I find that regrettable.

> The patch is merge ready.

Such statements are usually made when people that comment on a patch
arrive at a consensus. The patch may be merge-ready from your
perspective and from Mike's. It is not merge-ready from my perspective.
I hope I'm allowed to comment (constructively) on patches that aren't
strictly aimed at the subsystems I co-maintain.

> As for usage examples I have an opposing opinion to yours and believe
> it is based on very good reasons. Not using STATIC_ASSERT in the
> current release will make the feature optionally available and let
> people test it in their setups.

Not using STATIC_ASSERT in the current stable release makes the
STATIC_ASSERT macro definition *dead code* in edk2 proper. I understand
that edk2 is a "kit", and quite explicitly caters to out-of-tree
platforms. That's not a positive trait of edk2 however; it's a negative
one, in my judgement. Whatever we add to the core of edk2, we should
exercise as diligently as we can *inside* of edk2.

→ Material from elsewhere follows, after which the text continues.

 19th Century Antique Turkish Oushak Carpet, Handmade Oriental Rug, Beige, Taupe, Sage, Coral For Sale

> In case they notice it does not work for them they will have 3 months
> grace period to report it to us and consider making a change.

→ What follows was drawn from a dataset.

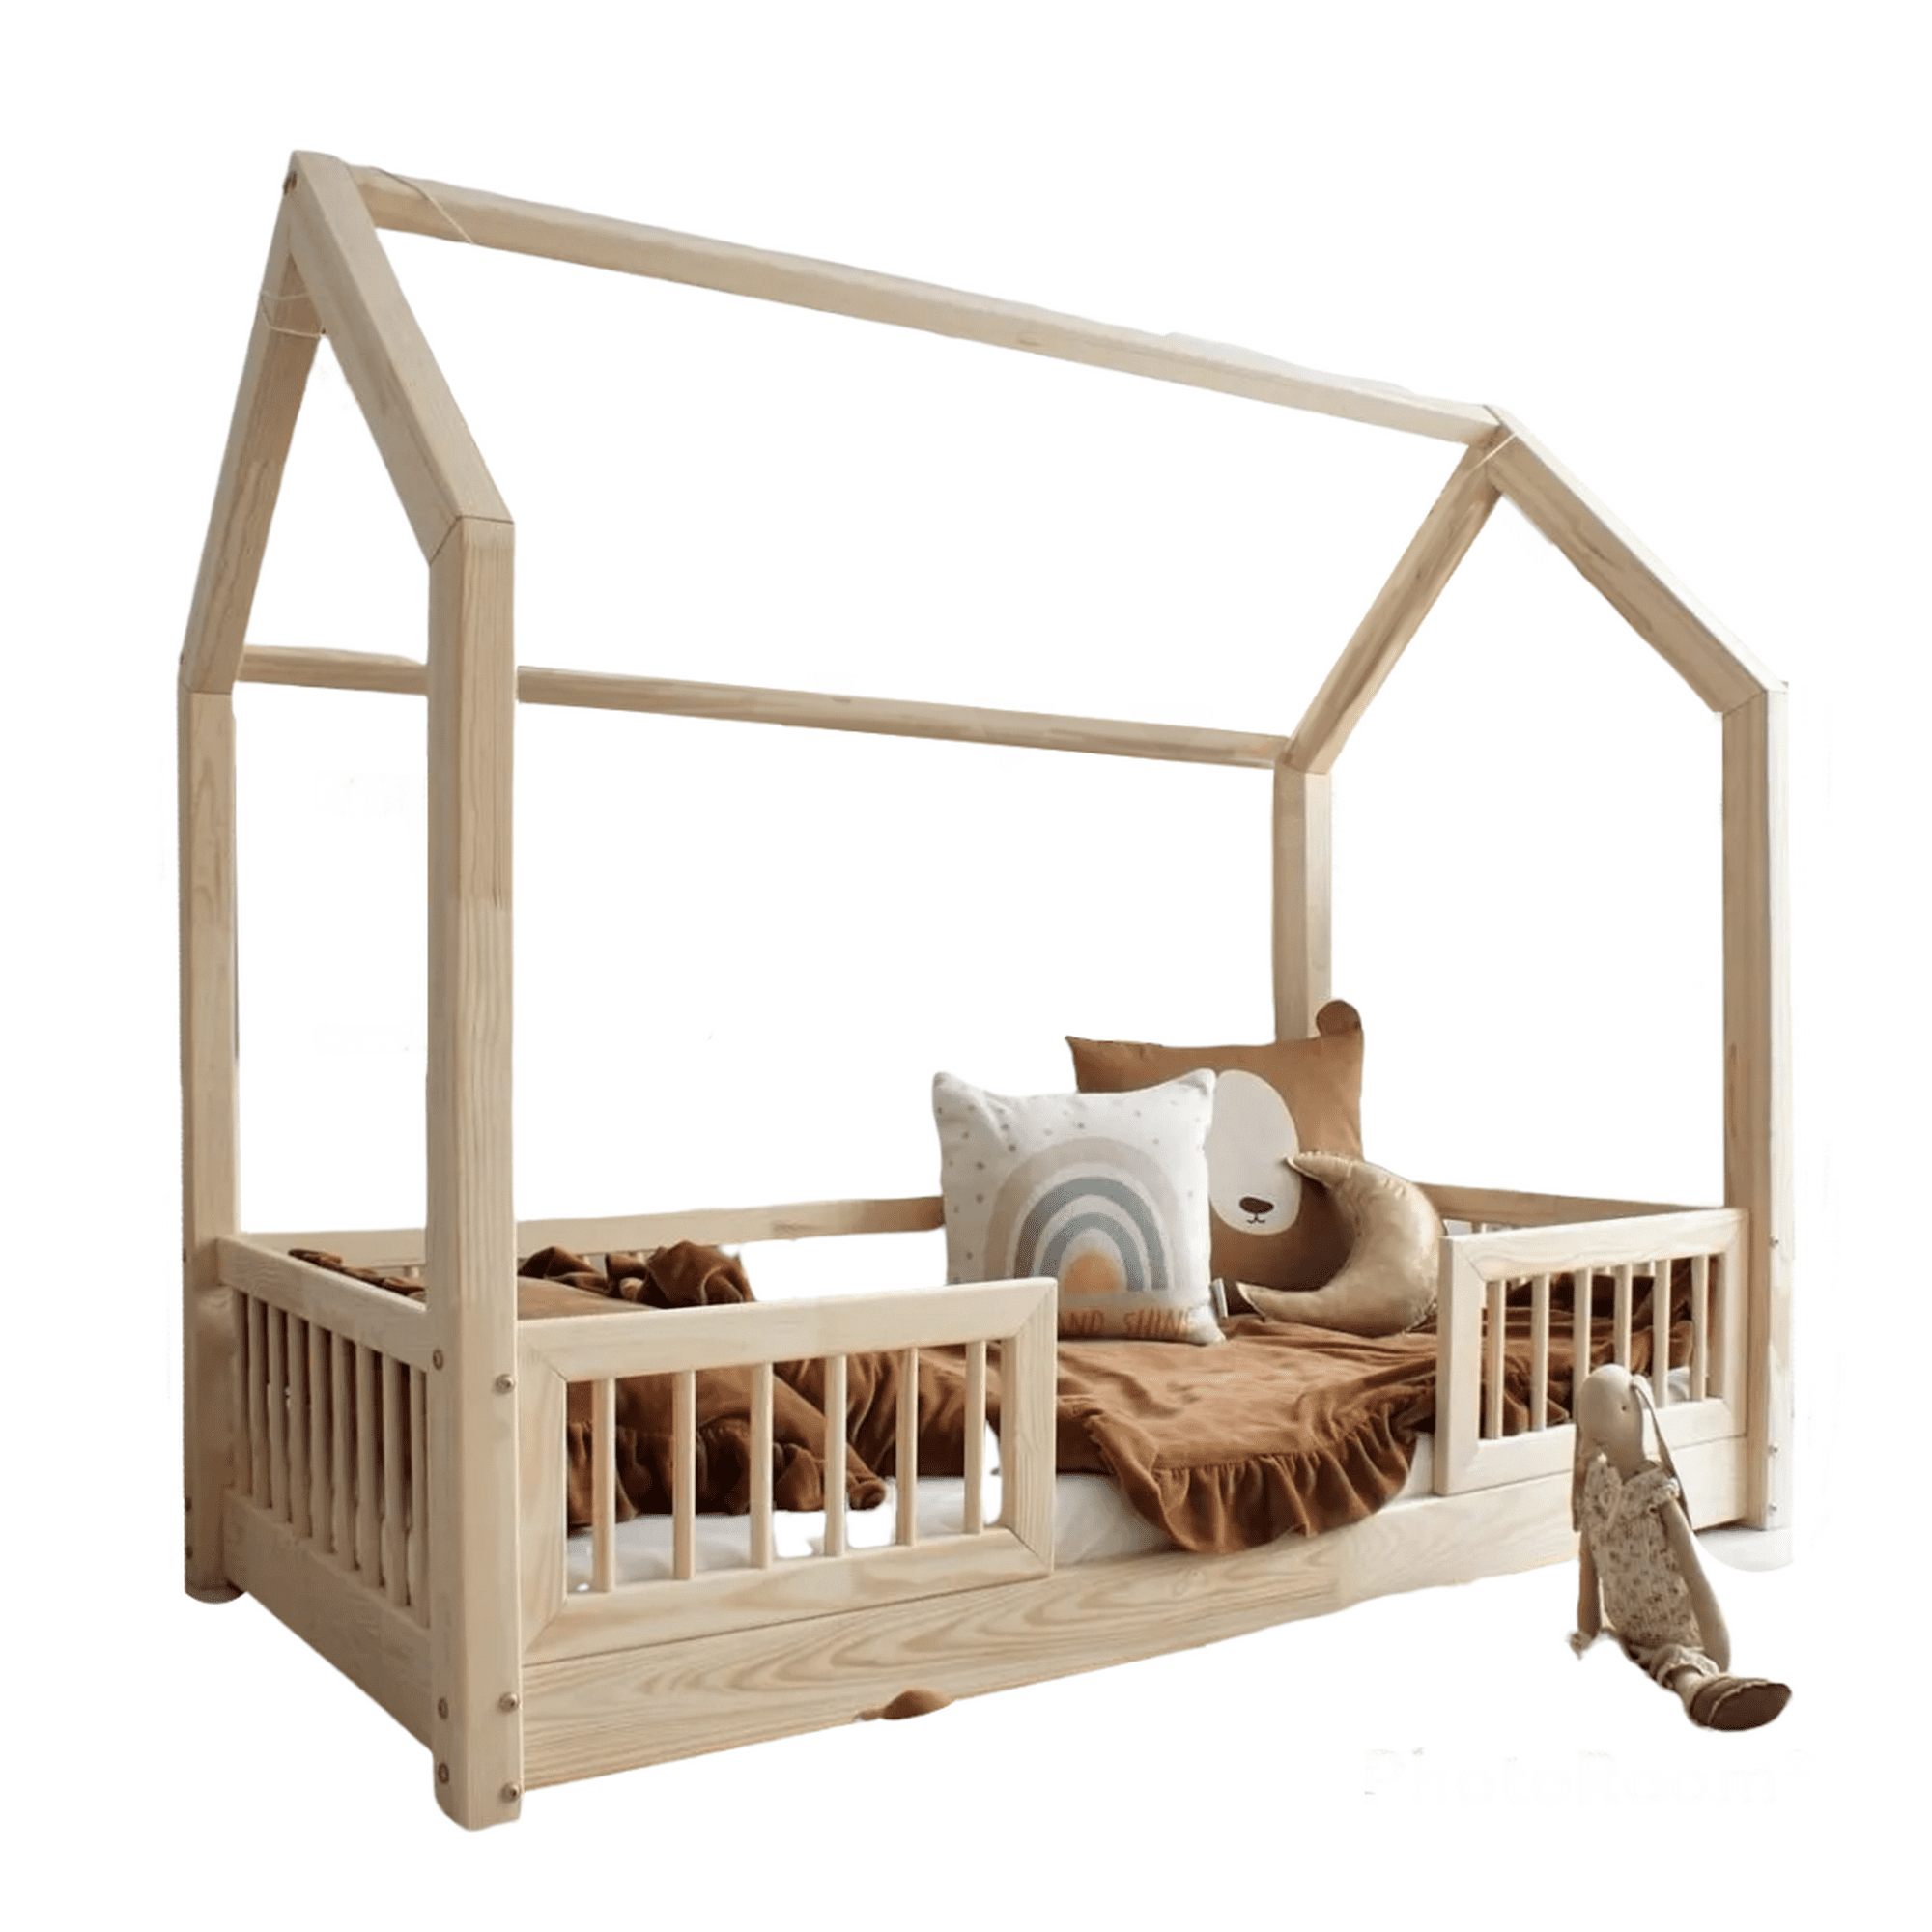 Cama infantil Montessori - muebles infantiles

That is what the feature freezes are for. The feature is reviewed before
the soft feature freeze, merged (at the latest) during the soft feature
freeze, and bugs can still be fixed during the hard feature freeze. The
community is expected to test diligently during the hard feature freeze.
Perhaps we should extend the hard feature freeze.

My problem is not that the change is not "in your face". I'm all for
avoiding regressions. My problem is that the code is dead and untestable
without platform changes, even though it could be put to great use in
core code at once. If you think that's too risky, this close to the
stable tag, then one solution is to resubmit at the beginning of the
next development cycle (again with additional patches that utilize the
STATIC_ASSERT macro at once). Developers will then have close to three
months to report and fix issues.

Another solution would be to conditionally keep VERIFY_SIZE_OF, vs.
using STATIC_ASSERT, for expressing the build-time invariants. The
default would be STATIC_ASSERT. Should it break, people could
immediately switch back to VERIFY_SIZE_OF, without disruption to their
workflows.

We've done similar things in OvmfPkg in the past. For example:
- USE_LEGACY_ISA_STACK (commit a06810229618 / commit 562688707145),
- USE_OLD_BDS (commit 79c098b6d25d / commit dd43486577b3),
- USE_OLD_PCI_HOST (commit 4014885ffdfa / commit cef83a3050e5).

> This will also give them 3 months grace period of VERIFY_SIZE_OF macro
> removal in favour of STATIC_ASSERT. Making the change now will let
> people do seamless transition to the new feature and will avoid
> obstacles you are currently trying to create.

Please stop making claims in bad faith. I'm not trying to "create
obstacles". I'm a fan of STATIC_ASSERT. I'm not a fan of dead code.

> Thus STATIC_ASSERT usage and VERIFY_SIZE_OF removal must both be
> separate patchsets with potentially separate BZs.
>
> Thanks for understanding,

Why are you presenting this as a done deal? The v2 patch was submitted
three days ago, IIUC.

Also, I wish we could have this discussion without condescension.